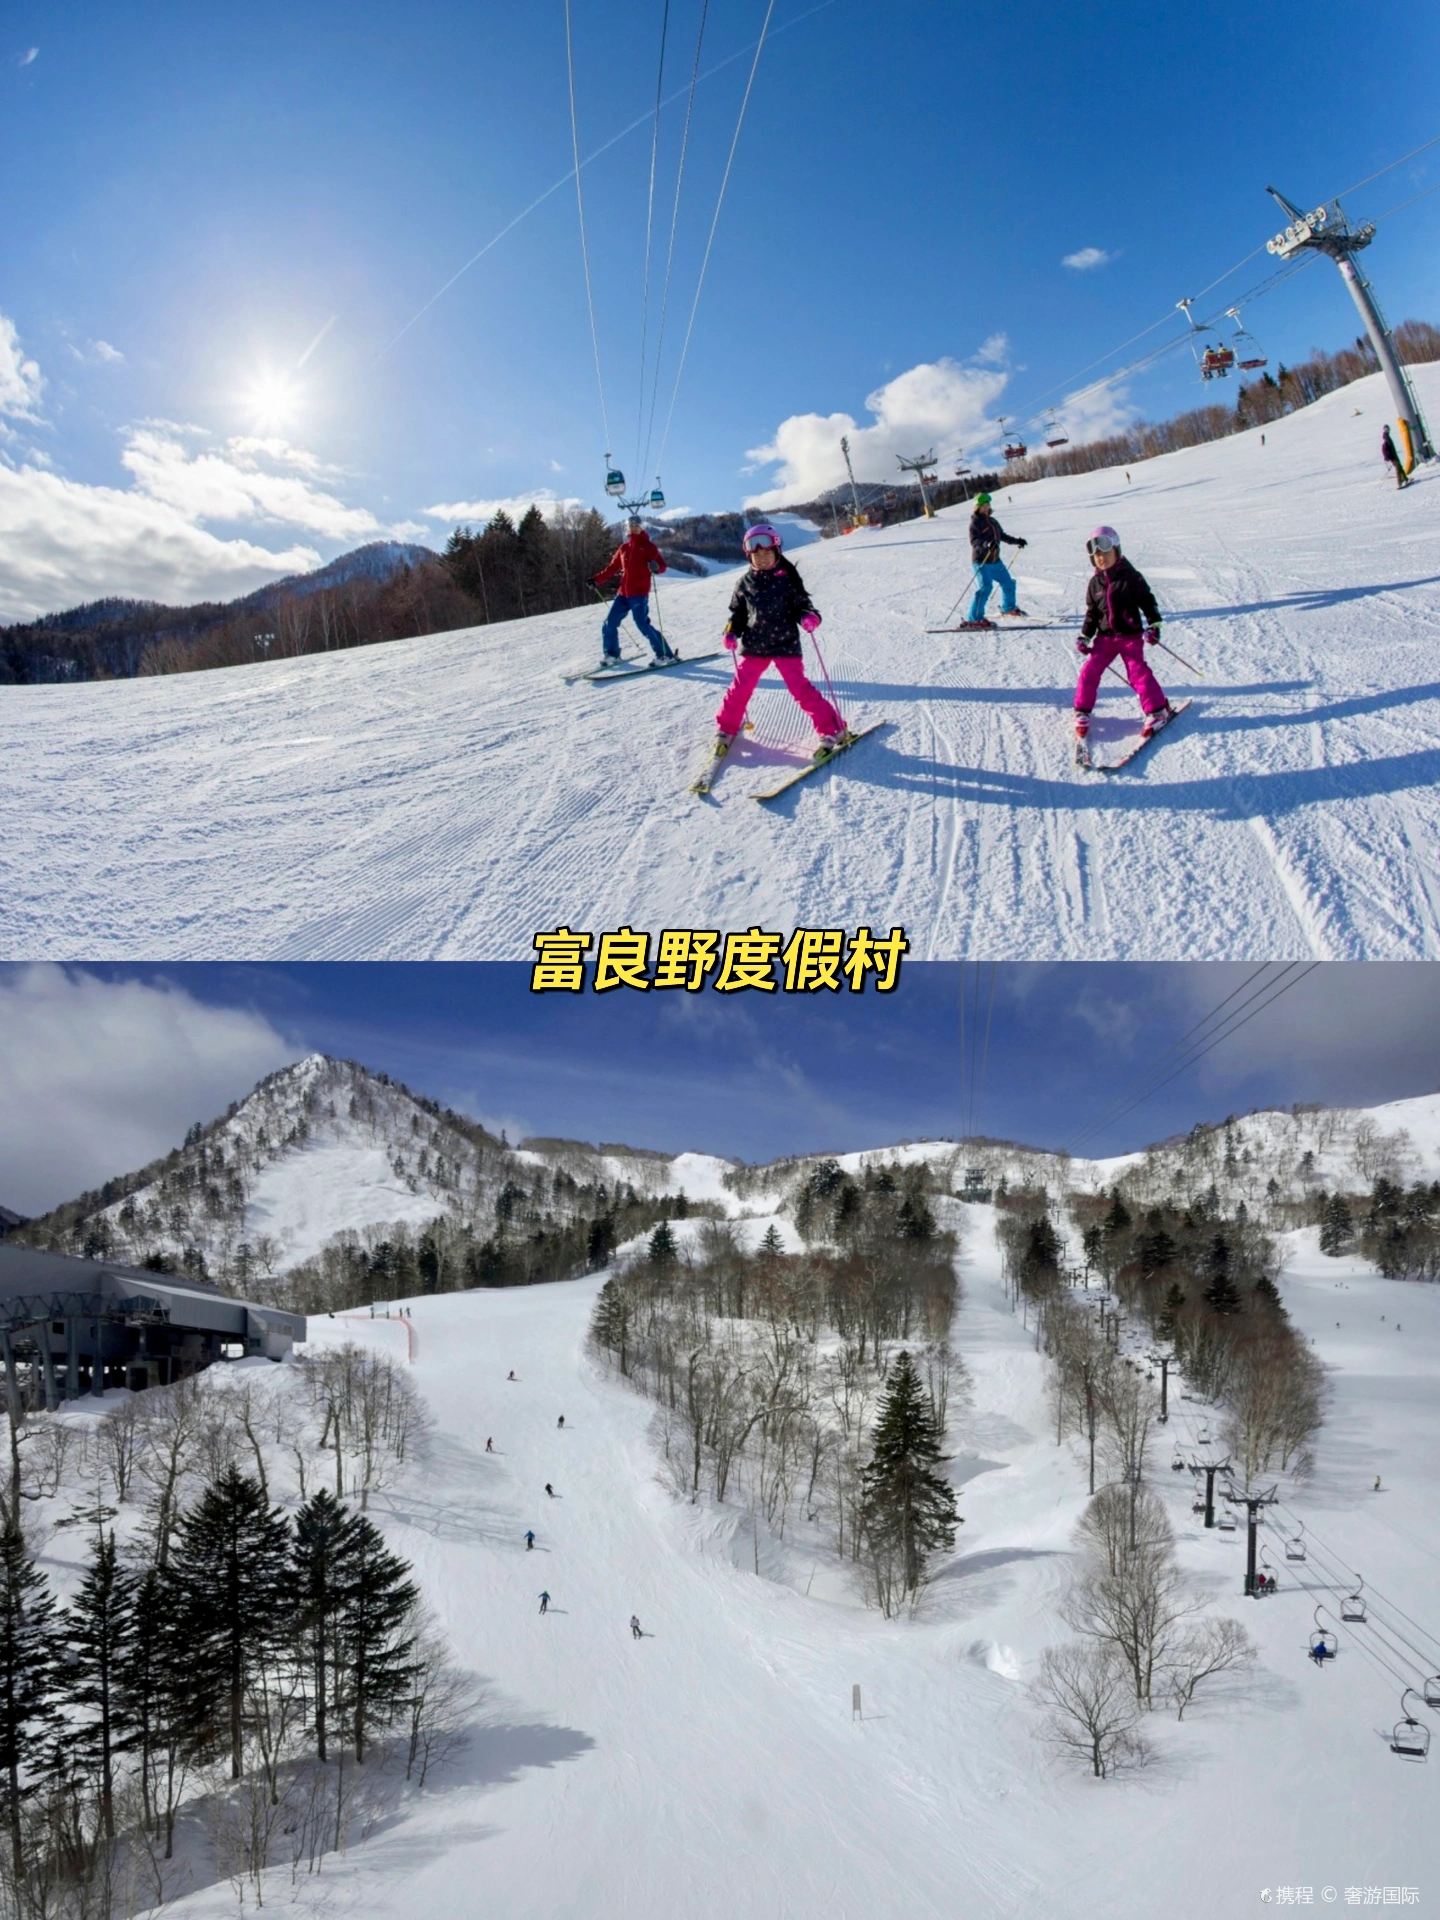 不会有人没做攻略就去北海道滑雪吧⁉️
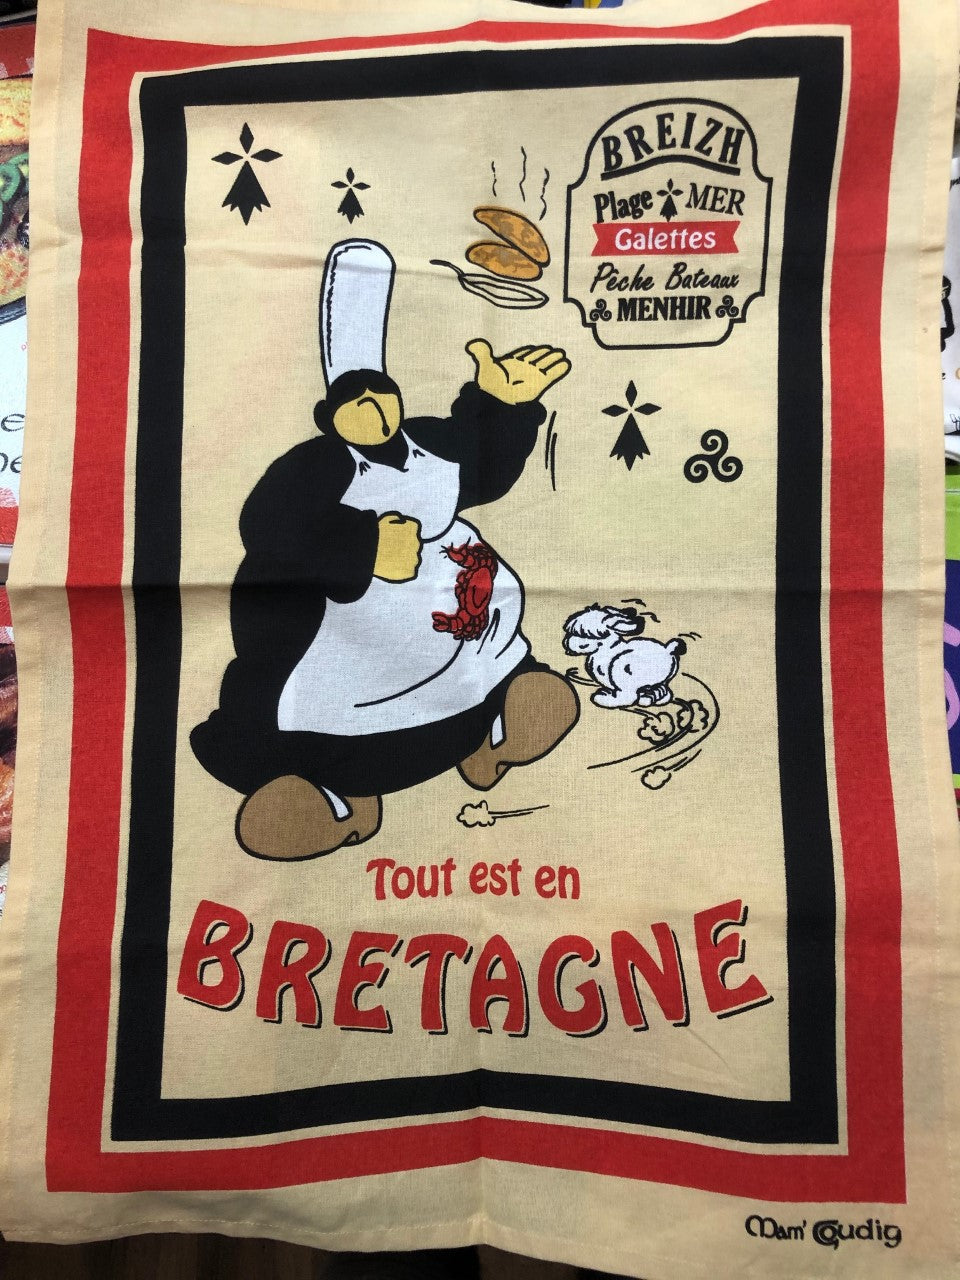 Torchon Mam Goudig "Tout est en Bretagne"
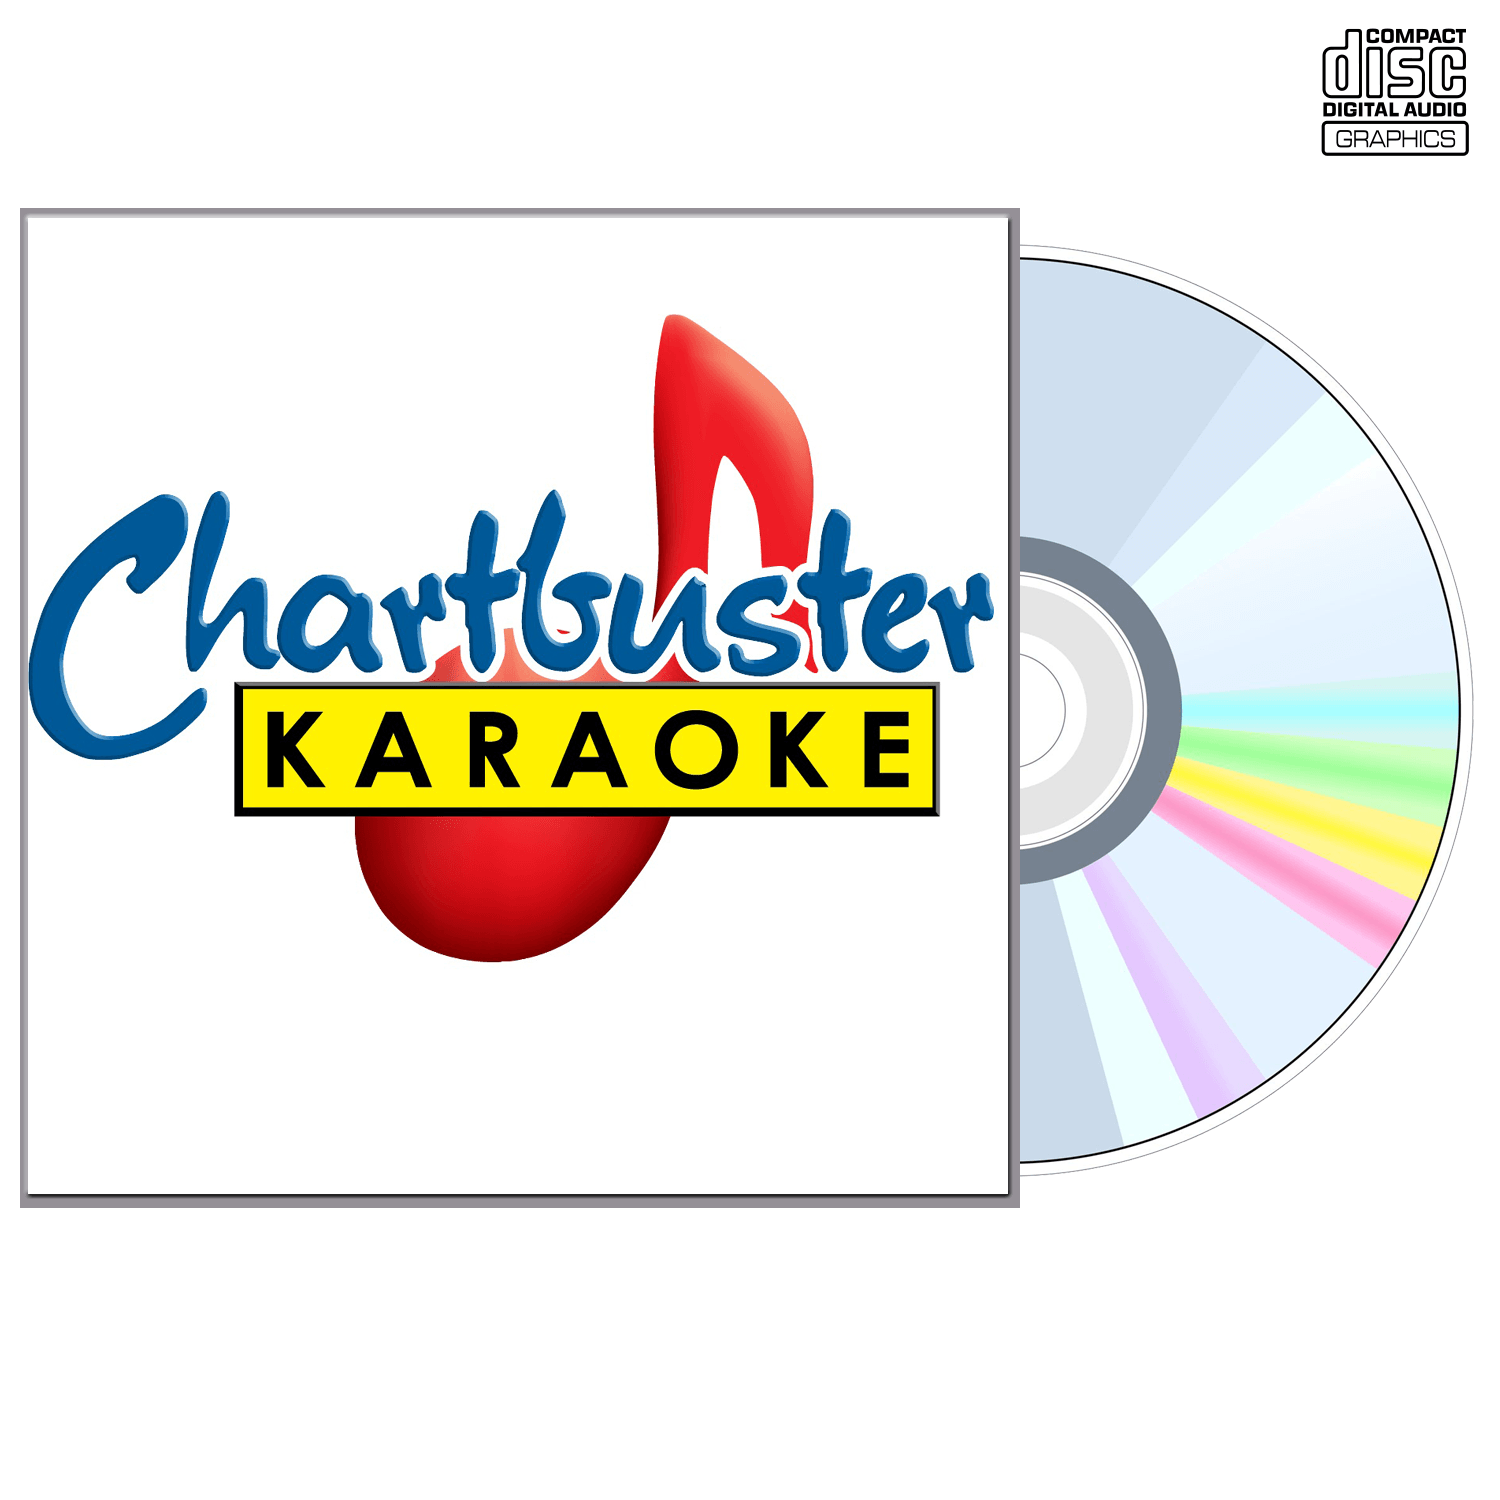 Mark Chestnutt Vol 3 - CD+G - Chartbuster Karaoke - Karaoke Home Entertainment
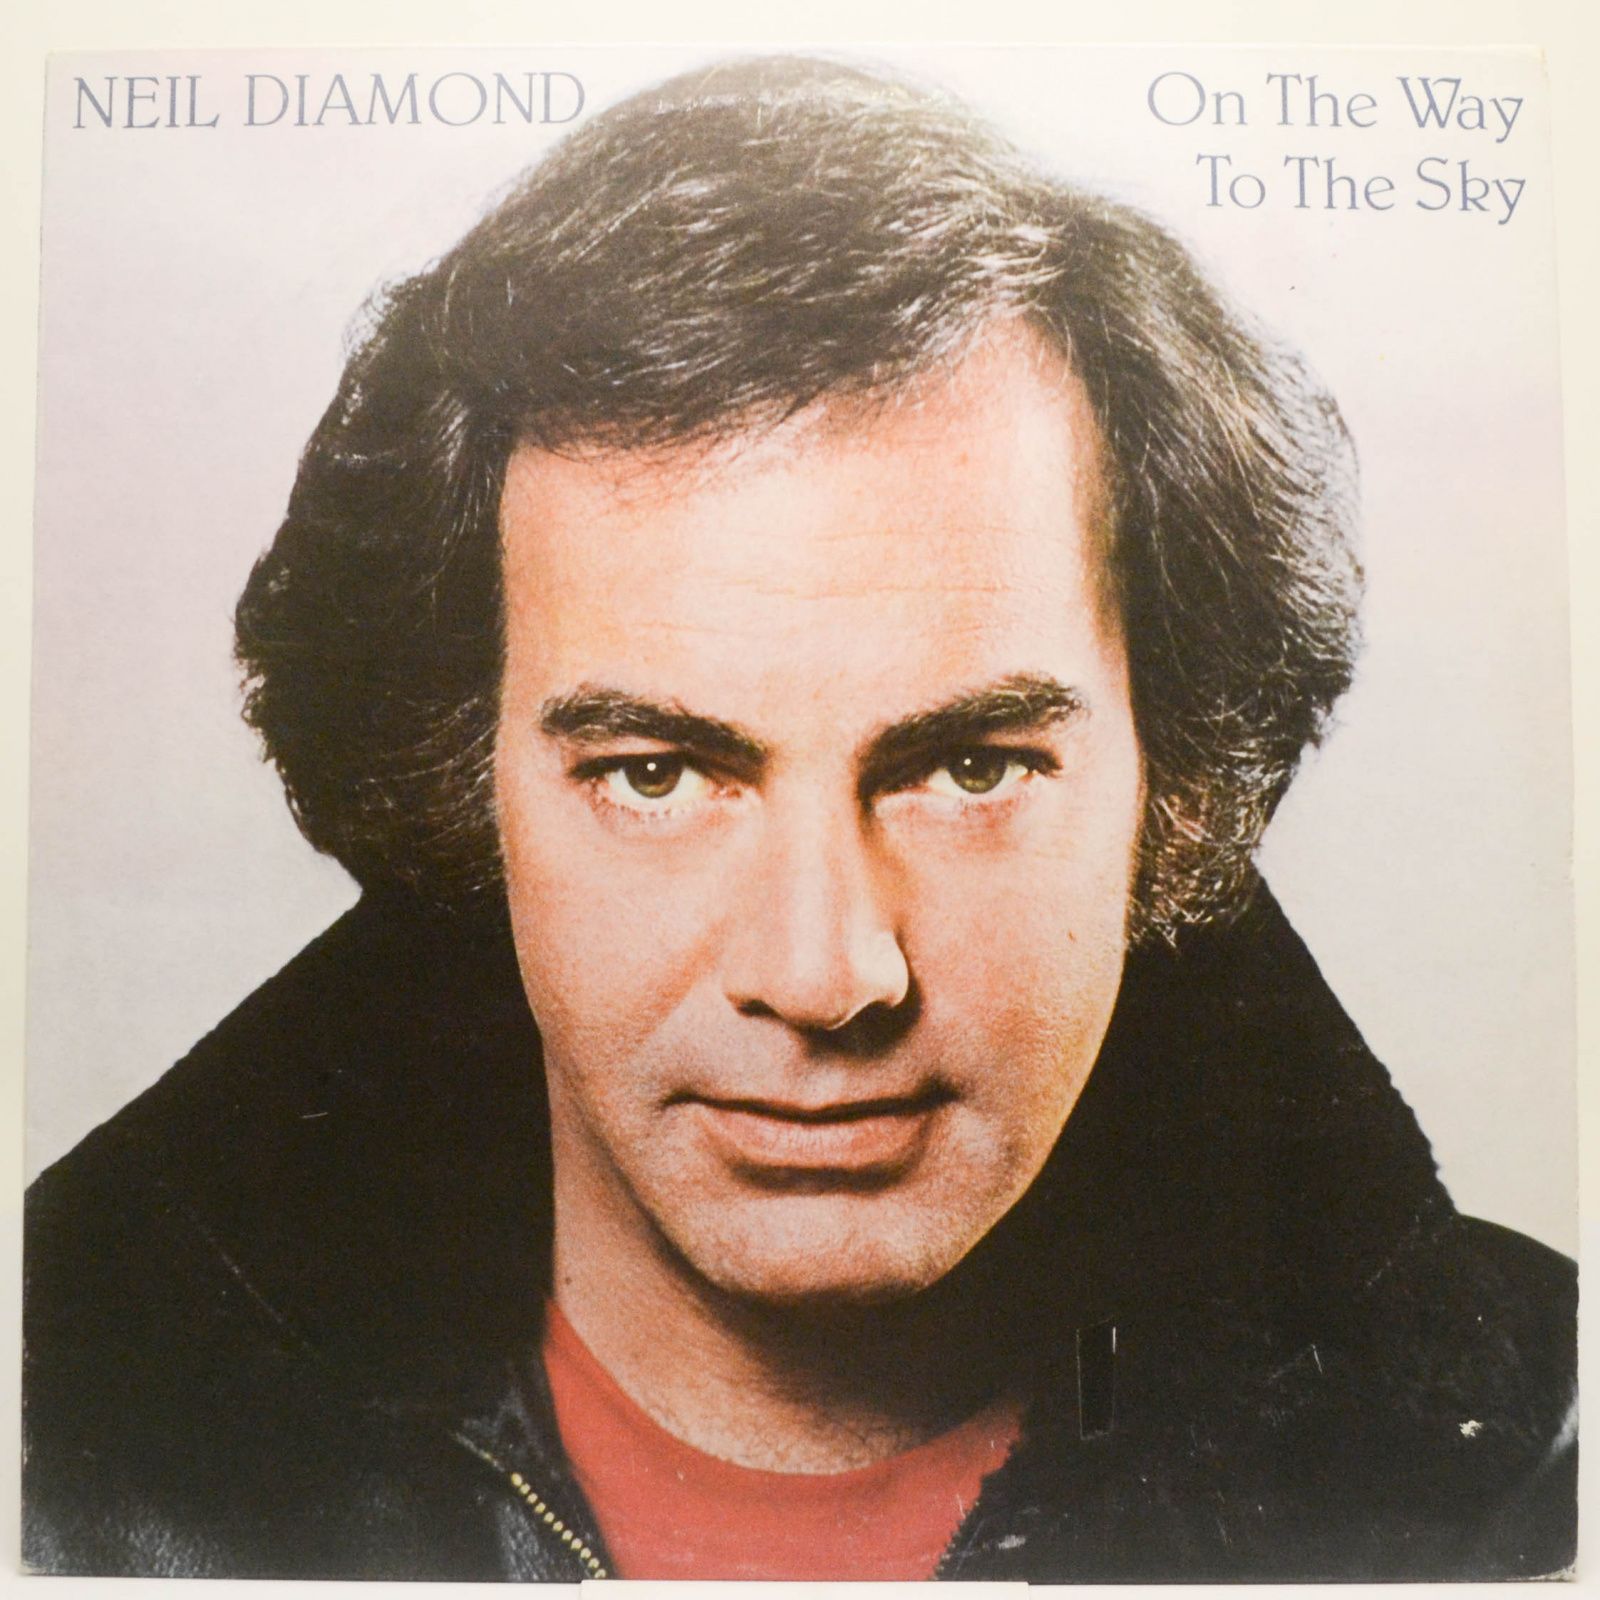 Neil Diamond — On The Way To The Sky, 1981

-*-*-

Your objective —
Pictures are to be left out, and each line from the one that contains "Torchon Mam Goudig" through the end of the listing is to be copied exactly.

Written solution —
 Torchon Mam Goudig "Tout est en Bretagne"
 Mark Chestnutt Vol 3 - CD+G - Chartbuster Karaoke - Karaoke Home Entertainment
 Neil Diamond — On The Way To The Sky, 1981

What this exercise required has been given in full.